Apartment. New York.

     In the past five years, my mother has had both knees replaced and thwarted two different cancers. When she comes to visit me, she does not get a room. She brings a sleeping bag. This is something I will always brag about.

     My mother likes to take me grocery shopping. In previous visits, she has insisted on filling my cupboards. She knows the grocery store is a mile-walk away for me and insists on packing as many heavy items into her car as possible. When we get to the health food store, I start rummaging through the organic juices. I pick out pomegranate and carrot ginger. She picks out orange.

     I read the ingredients on tea-tree essential oil skin therapy soap. She finds one that claims to be, “Ayurvedic Soap.” Its box is ma and pa.
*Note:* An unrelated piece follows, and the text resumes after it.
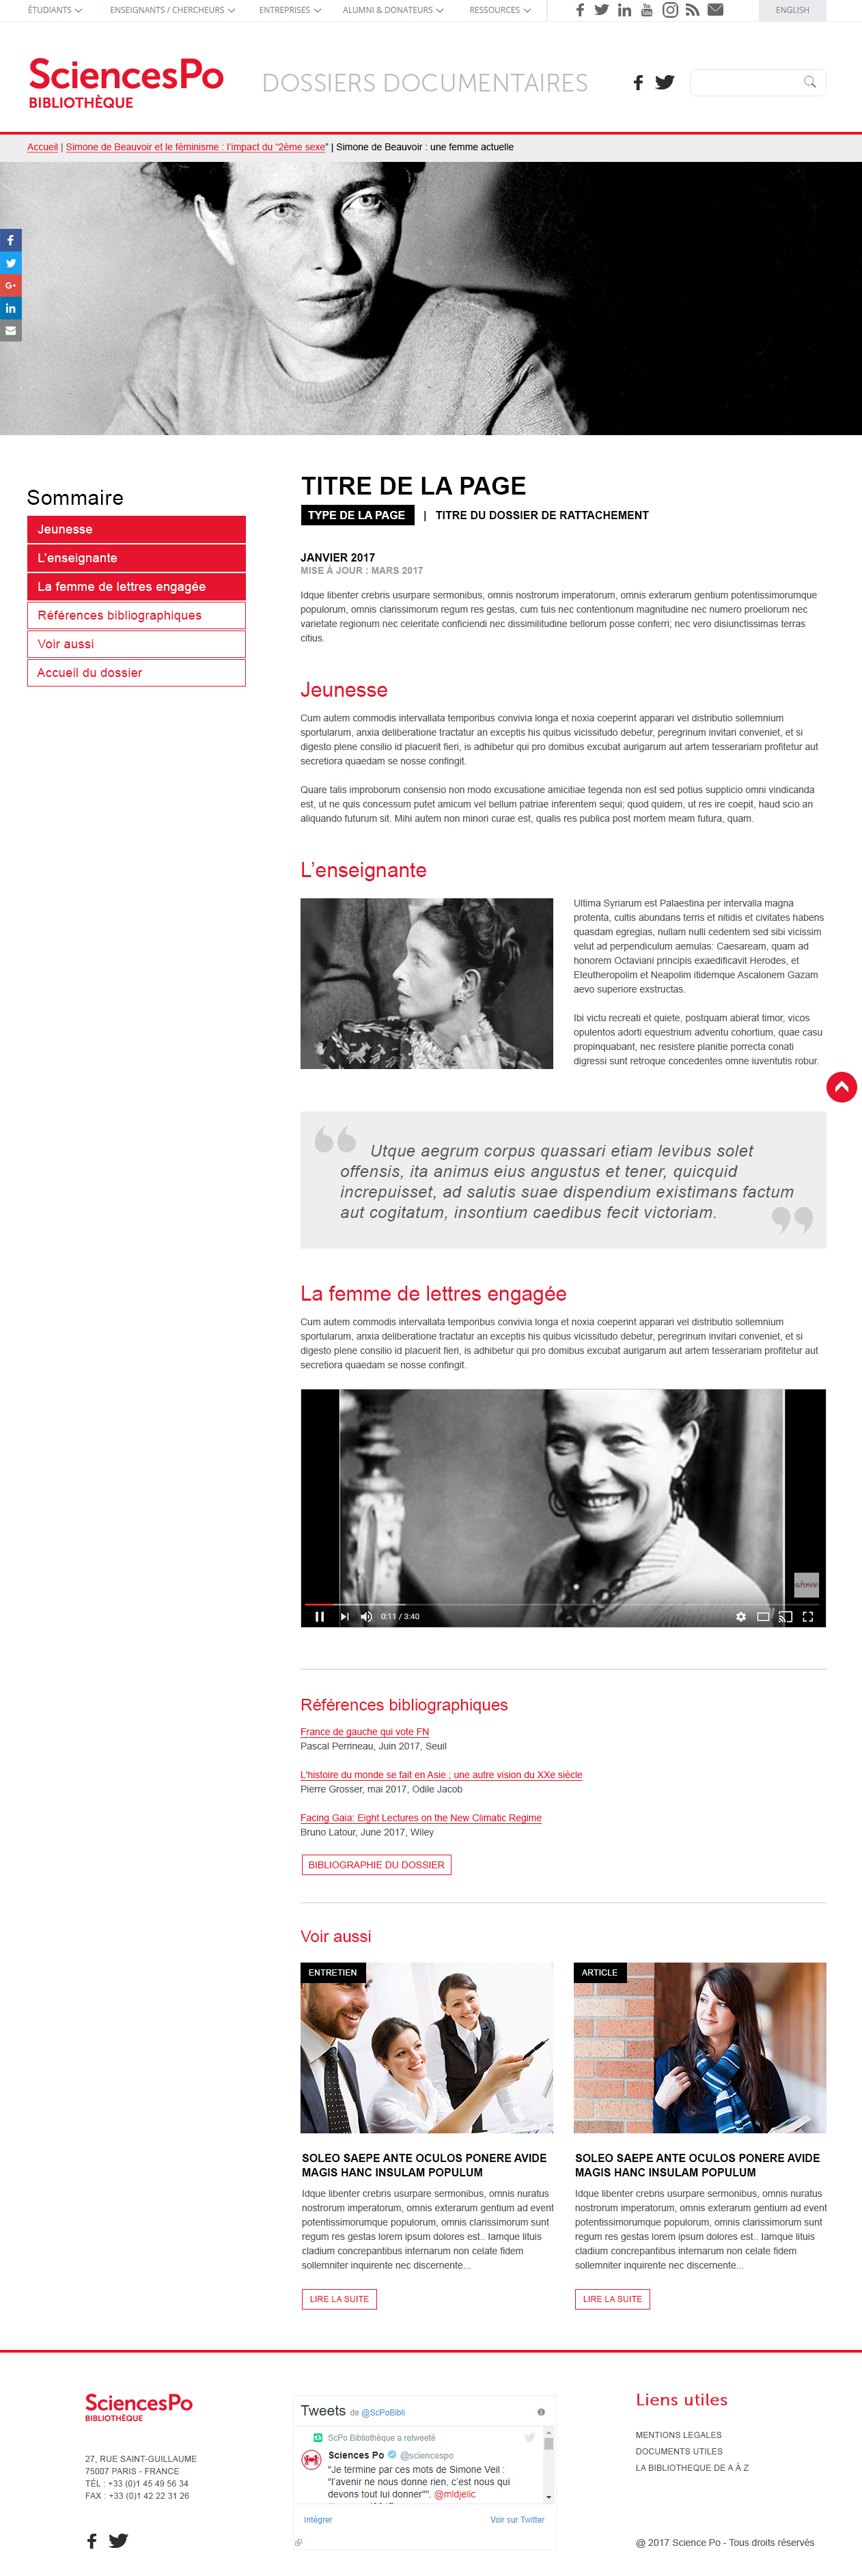 Sciences Po Documentaire – Article

She opens it to smell.

     “What is that?” she says.

     “It must be the Mala Inchi, wild ginger.”

     “No, I mean Ayurveda.”

     “Traditional Indian medicine, ma.”

     “Let’s get these.”

     As she closes the small soapbox, she finds a thin sheet of paper. She hands it to me.

     “My Sanskrit is only so-so,” I say as she turns the sheet over.

     She reads the English translation, “‘Instructions for Usage: Apply the soap through out the body and the arms and the legs. When finished, wash all of it off. Try not to eat.’” She folds the sheet of paper and puts it into my breast pocket.

     “You’d better hold on to the directions,” she says, “for later.”

     After we park, she struggles with the hill up to my apartment. I insist on carrying the bags full of bottles. She resigns herself.

     “You’re not so big, you know.” She stops to catch her breath.

     “You go ahead.” “I can wait.”

     “No, go ahead. I like to check out that rump of yours.”

As I walk ahead to unlock the door, I military-press the juice bottles over my head and lift them over and again to prove that, indeed, I am so big.

     “You remember, boy,” she says, “you came from me.”